So you are getting an error 404 or perhaps even worse, a 500!

The error in your Apache2 logs looks something like this:

***.162.245.*** - - [03/Apr/2020:12:49:50 +0000] "GET /robots.txt HTTP/1.1" 404 89670 "-" "Mozilla/5.0 (compatible; SomeUserAgent/2.1; +"

In a perfect world, you’d only have a single site/domain on this host, so will know that the robots.txt file would reside in the Apache root serving directory.

However, I just happen to (as you?) have a ton of VirtualHosts on this machine, so am not sure which robots.txt file is missing..

First steps to see

The very first thing you should do is check the output of apachectl -S.

This will tell you where everything is and how things are setup in general.

Adding debugging

Create a file:


Put this config in it:

LogLevel trace4
GlobalLog ${APACHE_LOG_DIR}/debug.log "%v:%p %h %l %u %t \"%r\" %>s %O file=%f"

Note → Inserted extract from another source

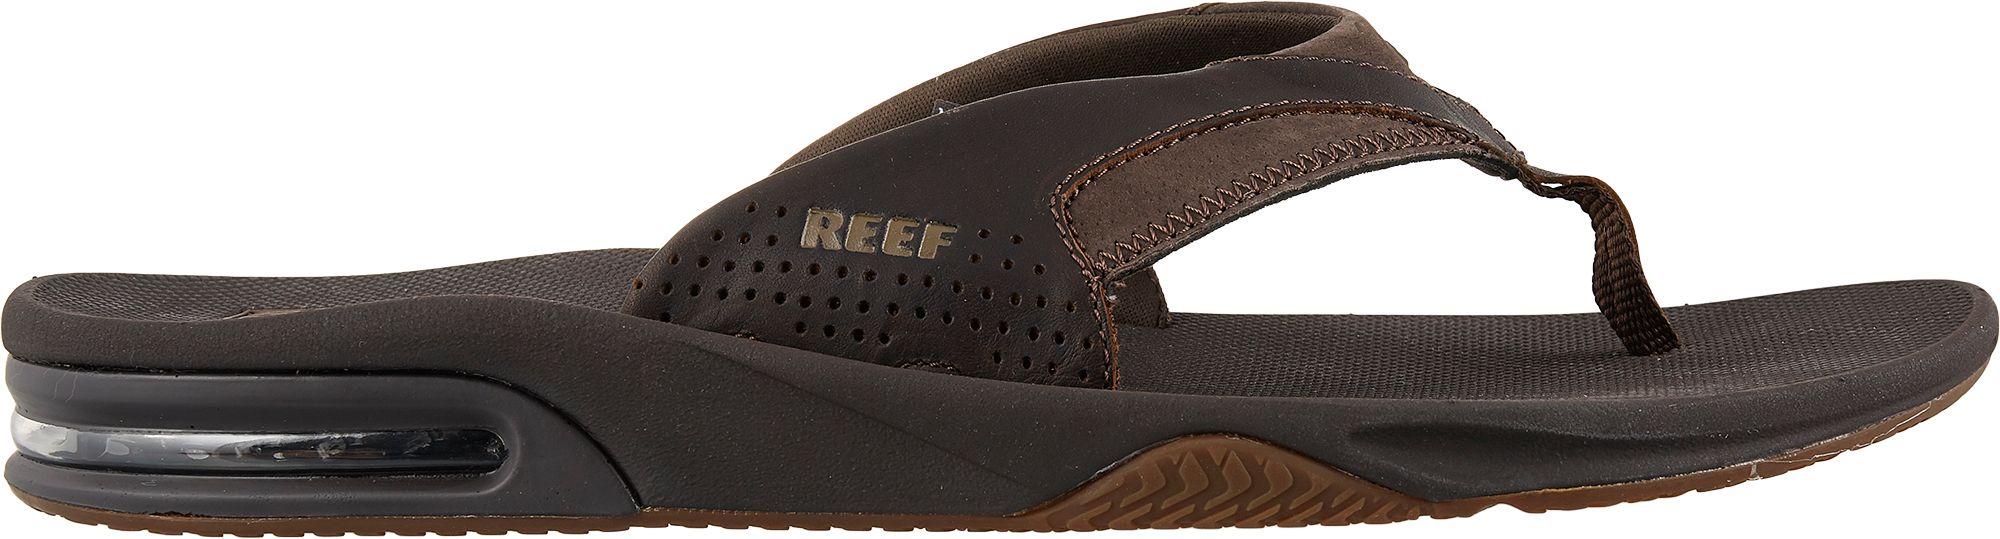 reef flip flops dicks

You can read more about Apache log formatting here if you need more/different output.

Enabling and Disabling

Now you just need to enable it, so run this from the commandline:

sudo a2enconf temp_debug && sudo apachectl graceful

Now you will be able to see your new found logs being dumped to:

tail -f -n100 /var/log/apache2/debug.log

When you’re done and have resolved the problem, you can disable this log ingestion by doing the following:

sudo a2disconf temp_debug && sudo apachectl graceful

Reloading Apache

Remember to reload apache by doing the following both after enabling and disabling the configuration changes:

systemctl reload apache2